INPUT DATA:

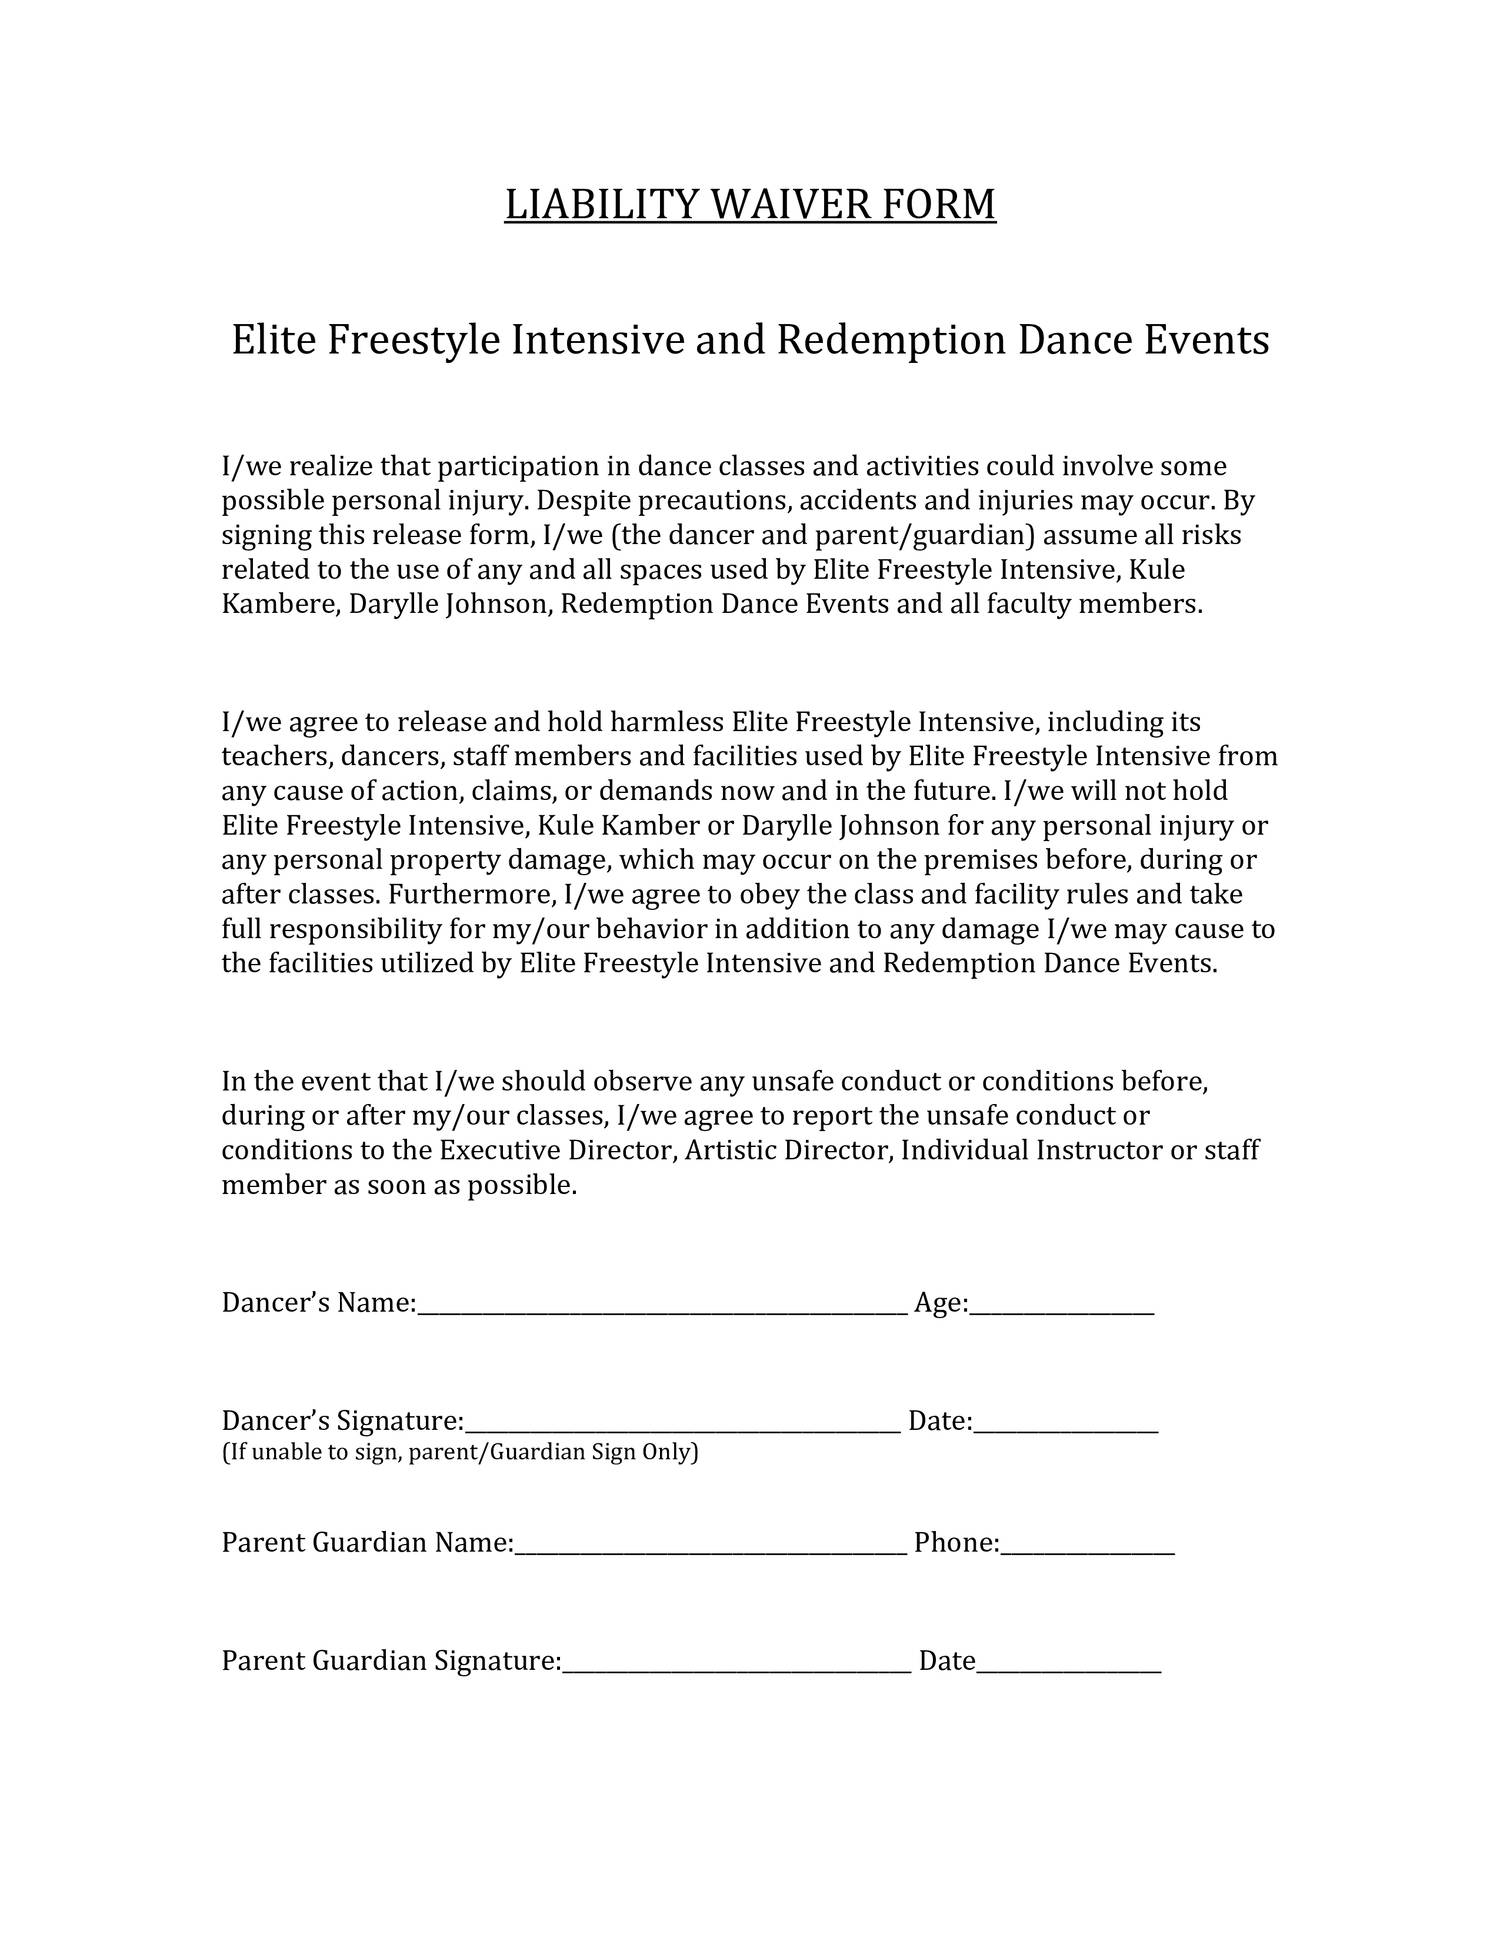 waiver-form-elite-freestyle-intensive-redemption-dance-events-pdf-docdroid
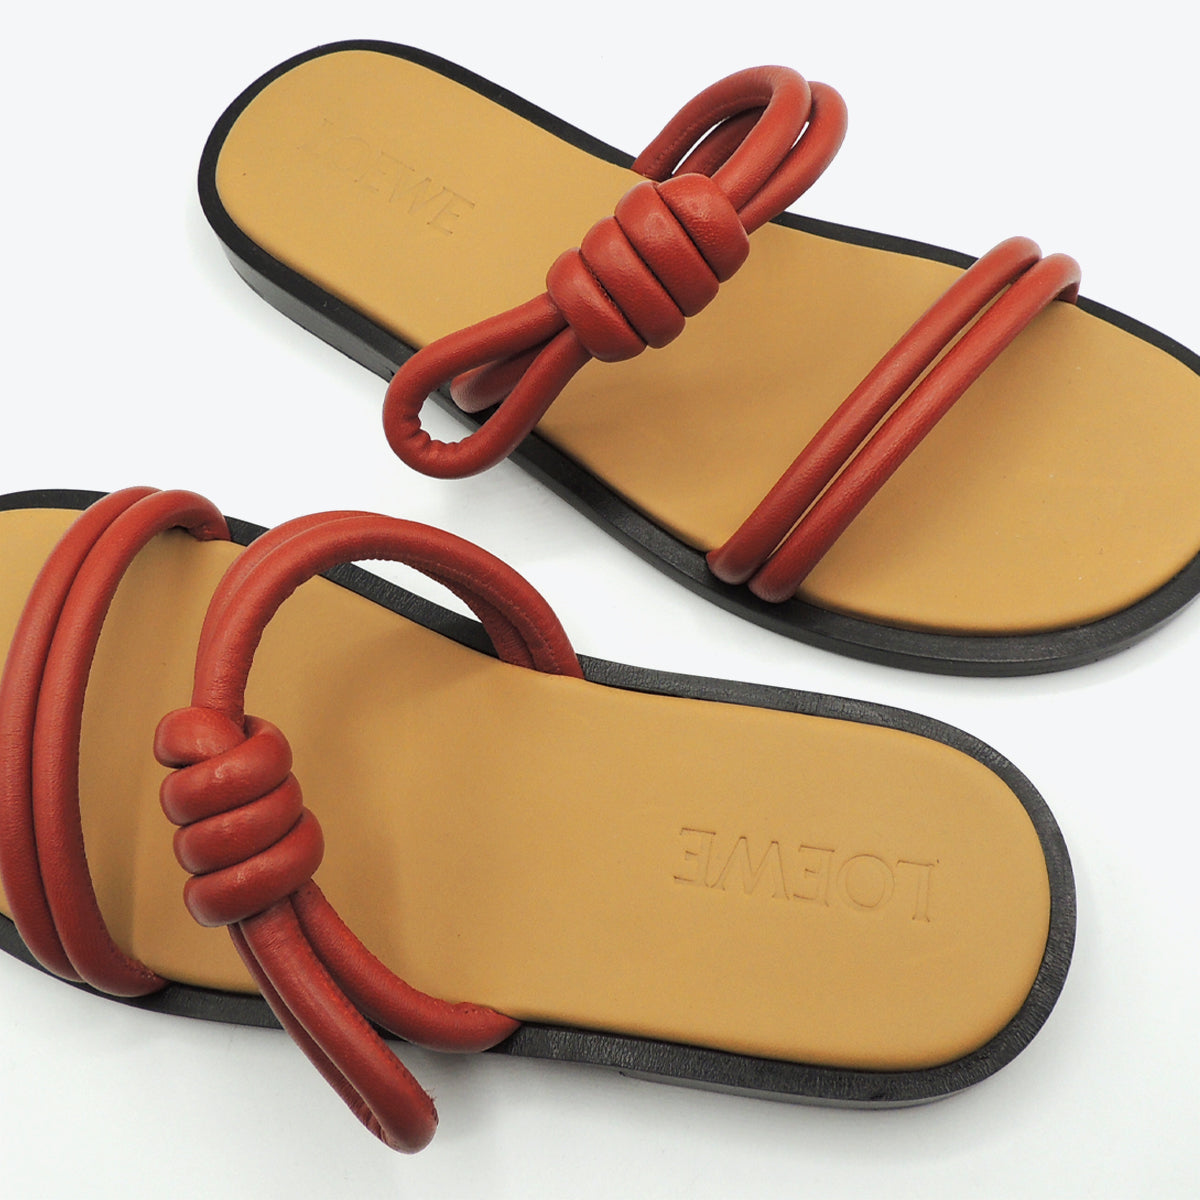 Loewe Flamenco Leather Sandals in Deep Rust Size 3
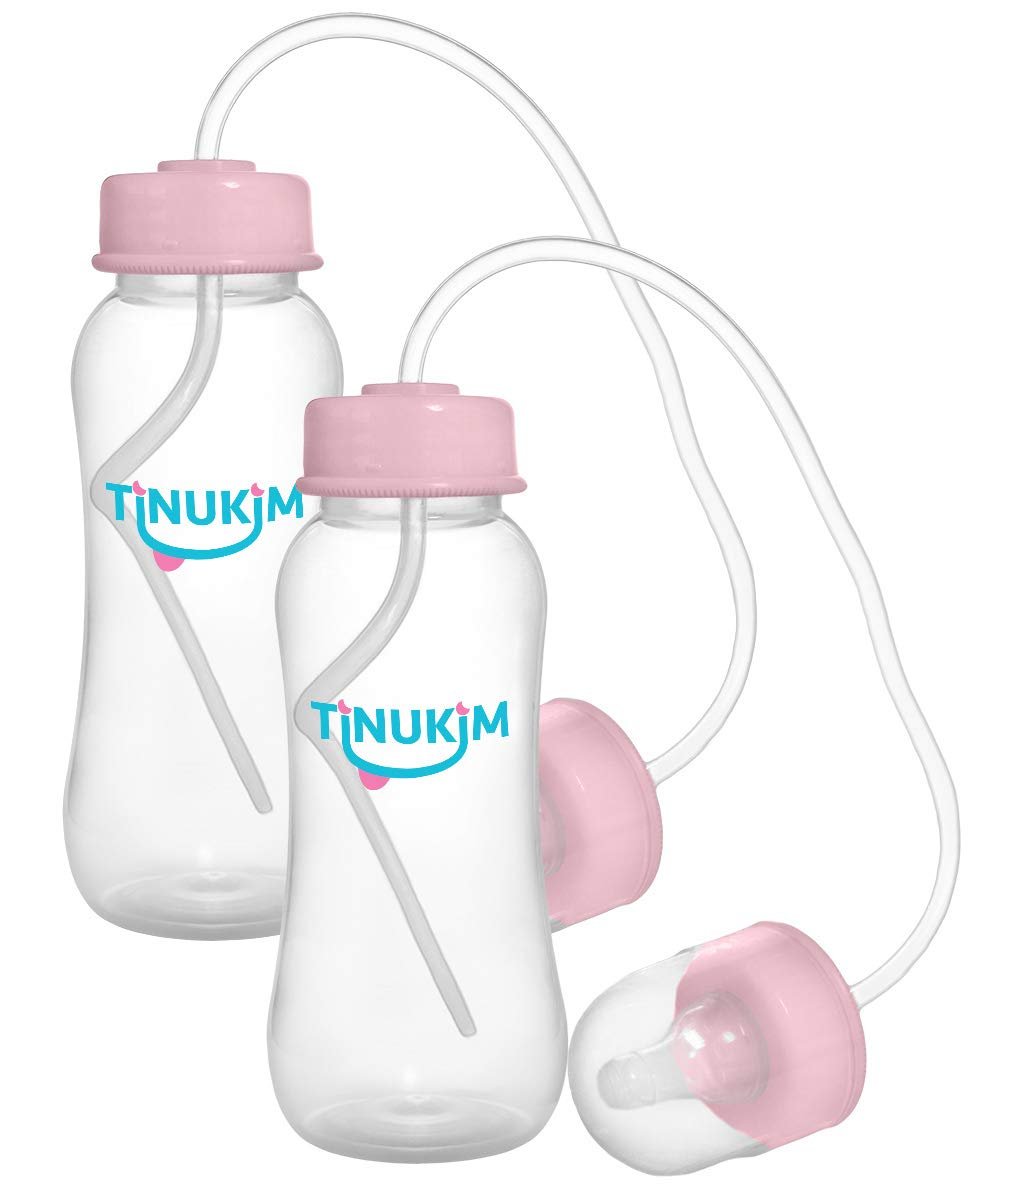 Tinukim iFeed Self-Feeding Baby Bottle Pink 9oz - Anti-Colic Nursing System, 2-Pack

INSTRUCTIONS FOR THE TASK: Leaving every picture out, write out exactly the lines from the one that holds "Loewe Flamenco Leather" through the end of the listing, both included.

RESULT:
 Loewe Flamenco Leather Sandals in Deep Rust Size 3
 Tinukim iFeed Self-Feeding Baby Bottle Pink 9oz - Anti-Colic Nursing System, 2-Pack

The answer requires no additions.